The UK Government published its proposals for the institutional framework for EMR in December 2011. It is proposing to ask the System Operator within National Grid to implement both the CfD-FiT (ie to act as the contract counterparty) and the Capacity Market. Discussions between Government and National Grid are underway with a view to agreeing precisely how the System Operator will fulfil this role and the exact nature of the relationship between Government and the System Operator.xiv

David Simpson, global head of mergers and acquisitions at KPMG, says he expects the UK government to offer 35-year deals which could be illegal state aid under European Union competition rules.xv

The issue of whether CfD-FiTs would amount to subsidy may be answered shortly if the Government follows through on its indications that it anticipates making a Phase II State Aid application for any interim CfD. This means the Government will ask the European Commission for permission to introduce the CfD-FiTs—in other words it believes they will count as a subsidy to nuclear, but may be a permitted exemption.xvi

The NFLA notes that Fiona Hall MEP, leader of the Liberal-Democrat group in the European Parliament, says she has no doubt the CfD-FiT is a subsidy.xvii She has called for Liberal Democrats to speak out against this public subsidy for nuclear energy, which she argues goes completely against the Coalition Government Agreement.

Fiona Hall says if a CfD-FiT goes ahead British consumers may find themselves subsidising nuclear technology for over 40 years, the average lifespan of a nuclear reactor, solely to keep in profit the one remaining interested power company, France’s EDF. Billions of pounds will be diverted from the wind and marine energy sectors where the UK’s natural advantage lies, hampering British industrial leadership in these sectors and risking a major loss of business opportunities and new jobs.xviii

The UK Government has not yet achieved European Commission assent to its proposed electricity market reforms, considered essential to enable new nuclear build.

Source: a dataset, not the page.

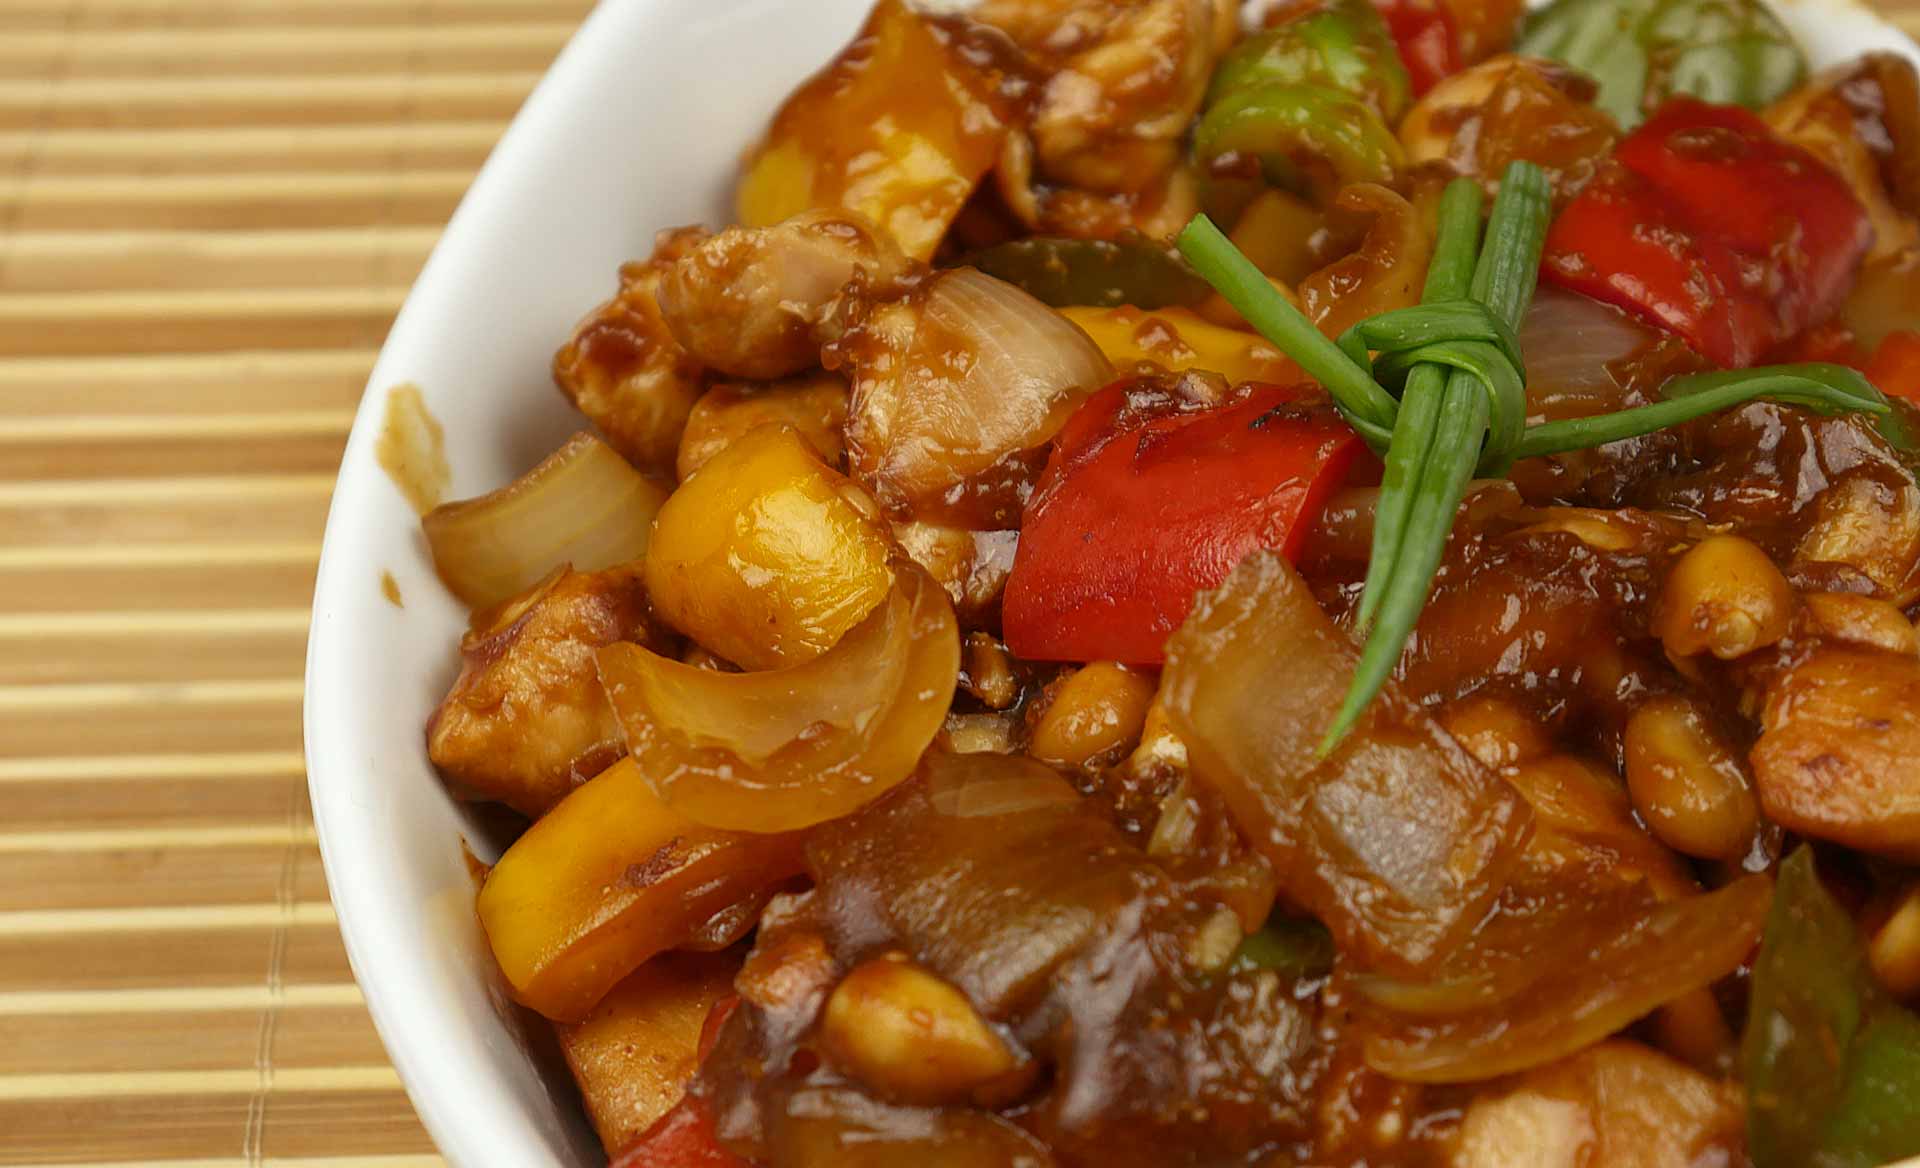 ALK Chickens - Frango xadrez, ao contrário do que diz a conceituadíssima  Wikipédia, não é um prato chinês frito e apimentado feito com frango,  amendoim, legumes, e pimenta vermelha — apesar disso
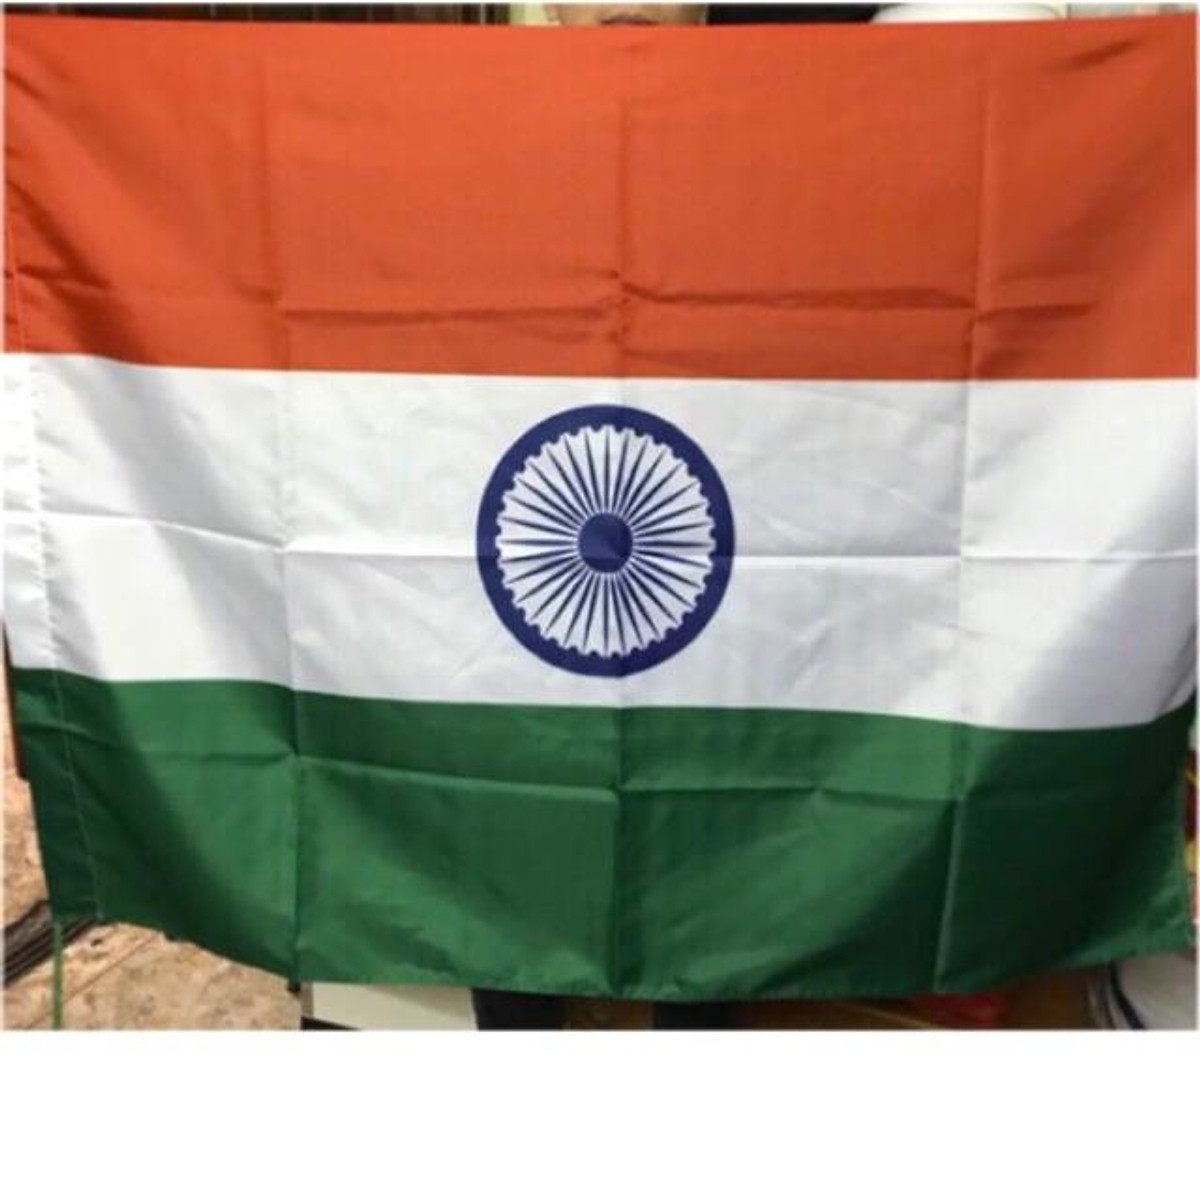 Hãy ngắm nhìn bức ảnh cờ Ấn Độ thật đẹp mắt, với màu sắc tươi sáng và hình ảnh chạm khắc tỉ mỉ. Đây là biểu tượng quốc gia của quốc gia đông dân nhất trên thế giới, nơi có văn hóa và ẩm thực đa dạng, cùng những địa danh lịch sử nổi tiếng. Đừng bỏ lỡ cơ hội thưởng thức niềm tự hào của người Ấn Độ!

Minister of State for Energy Charles Hendry said in April 2012 that the government is “engaging closely with the European Commission to ensure the electricity market reform proposals are consistent with the appropriate rules.”xix

The NFLA notes with concern a document, which was leaked to The Guardian, in which the UK Government lays out plans for the “contracts for difference” to the European Commission. The NFLA urges the Committee to investigate the content of this document further. It says: “Our reforms will put in place a regulatory framework based on feed-in tariffs for all low-carbon technologies, which will allow younger technologies to mature so that in the near- to mid-term future they will be able to compete in the open market … in time, we expect that this regulatory framework will enable different low-carbon technologies to compete against each other on a level playing field for their appropriate role in the energy mix.”xx

This is the clearest evidence yet of government plans to subsidise nuclear power through the back door, by classifying it with renewables as “low-carbon power”, despite repeated assurances that there would be no public subsidy.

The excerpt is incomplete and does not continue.